The move will facilitate passengers and redistribute the peak traffic for a larger range during peak festival seasons and ensure both sides utilisation of trains, including special trains.

“It has been decided to formulate an experimental scheme named as Round Trip Package for festival rush on discounted fare,” the Railways Ministry stated.

According to the ministry, the scheme will be applicable for those passengers who choose their return journey during the prescribed period.

Under this scheme, rebates shall be applicable when booked for both the onward and return journey for the same set of passengers.

Passenger details of the return journey will be the same as those of the onward journey. Passengers can book their tickets from August 14 for the advance reservation period (ARP) date of October 13.

“An onward ticket shall be booked first for the train start date between 13th October 2025 and 26th October 2025, and subsequently return journey ticket shall be booked by using the connecting journey feature for the train start date between 17th November and 1st December 2025,” the Ministry stated.

However, advance reservation period will not be applicable for booking of return journey.

Other conditions to avail the benefits of the railway’s new special scheme are the booking shall be permissible only for confirmed tickets in both directions, total rebates of 20 per cent shall be granted on base fare of return journey only, booking under this scheme shall be for the same class and same O-D pair for both onward and return journey.
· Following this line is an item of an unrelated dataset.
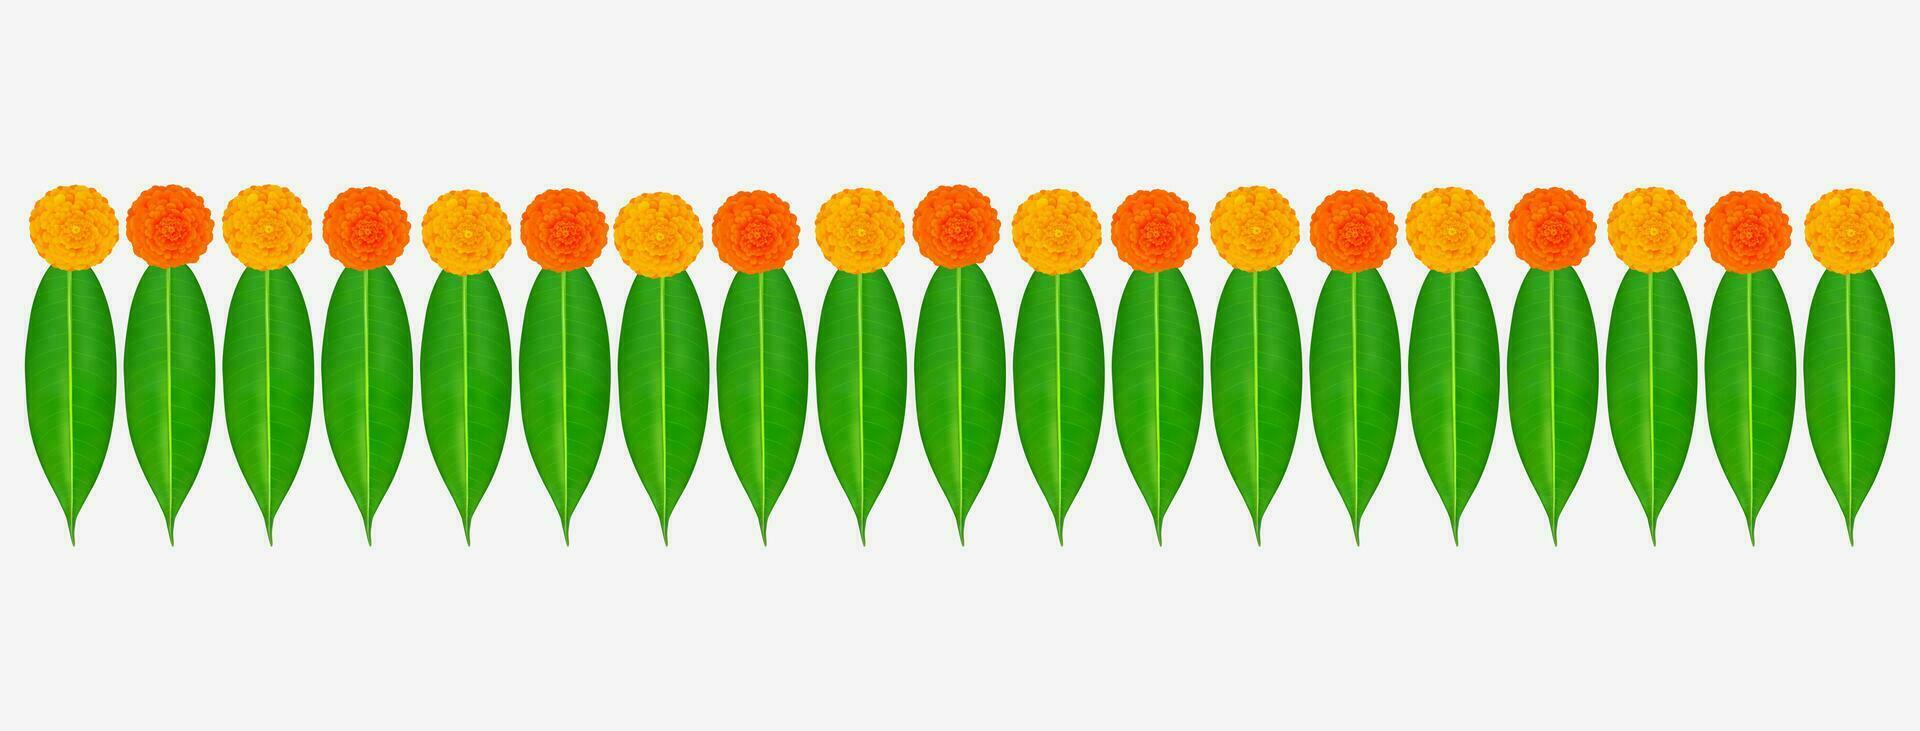 tradicional indiano calêndula flor festão com manga folhas. decoração para indiano hindu feriados ou casamentos ou puja festival, indiano festival flor decoração vetor
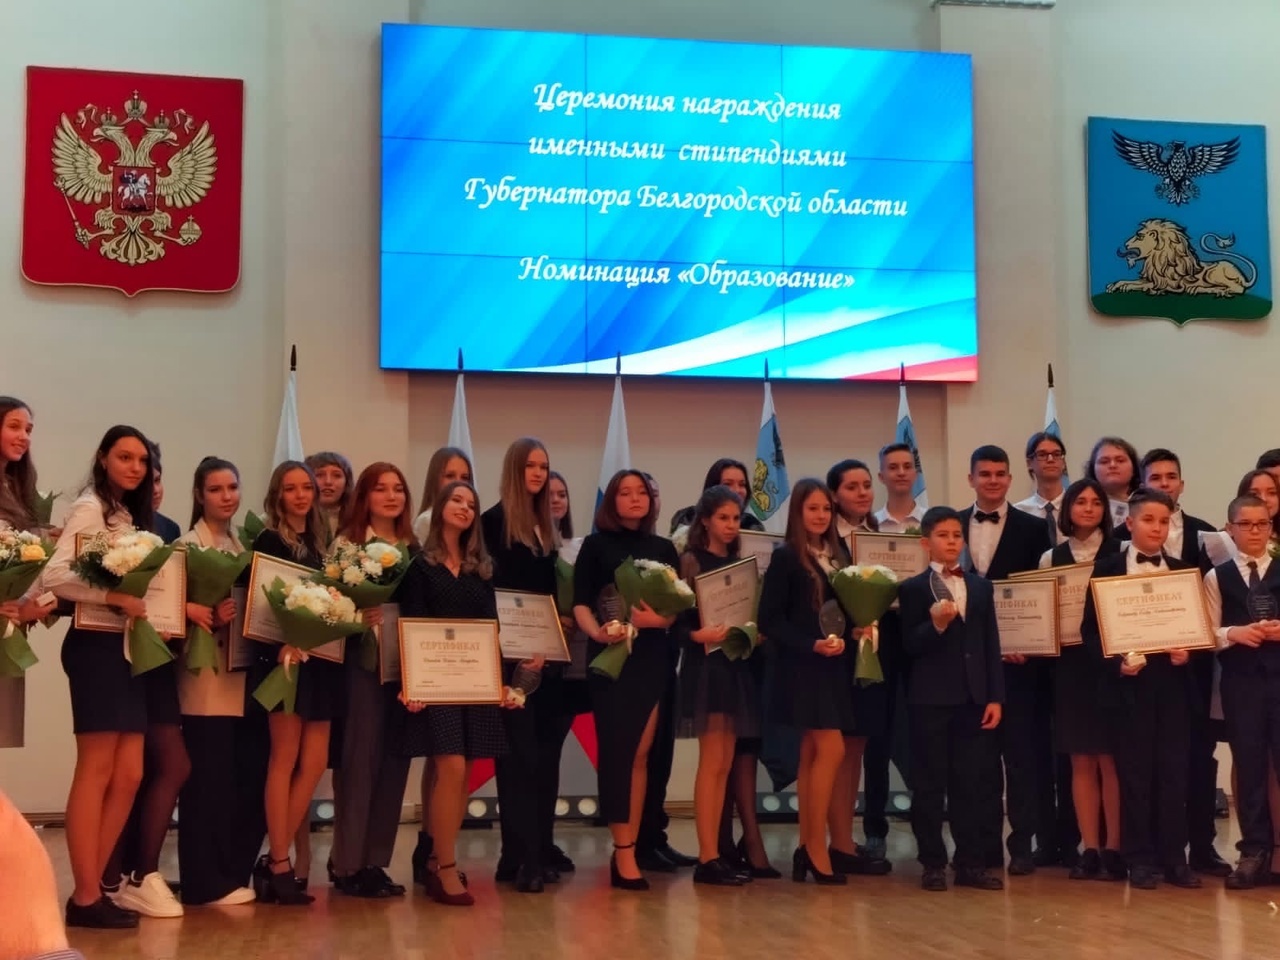 Трое школьников нашего района стали обладателями именной стипендии Губернатора Белгородской области в номинации «Образование»

According to Railways, no refund of fare shall be permissible for the tickets booked under this scheme.

This scheme shall be allowed for all classes and in all trains, including special trains (Trains on demand), except trains having Flexi fare.

In addition, no modification will be allowed on these tickets in either of the journeys, and there will be no discounts, Rail travel coupons, Voucher-based bookings, or Passes be admissible during return journey booking on concessional fare.

Passenger can book their ticket via both online and offline modes; however, both onward and return journey tickets must be booked using the same mode (online or offline).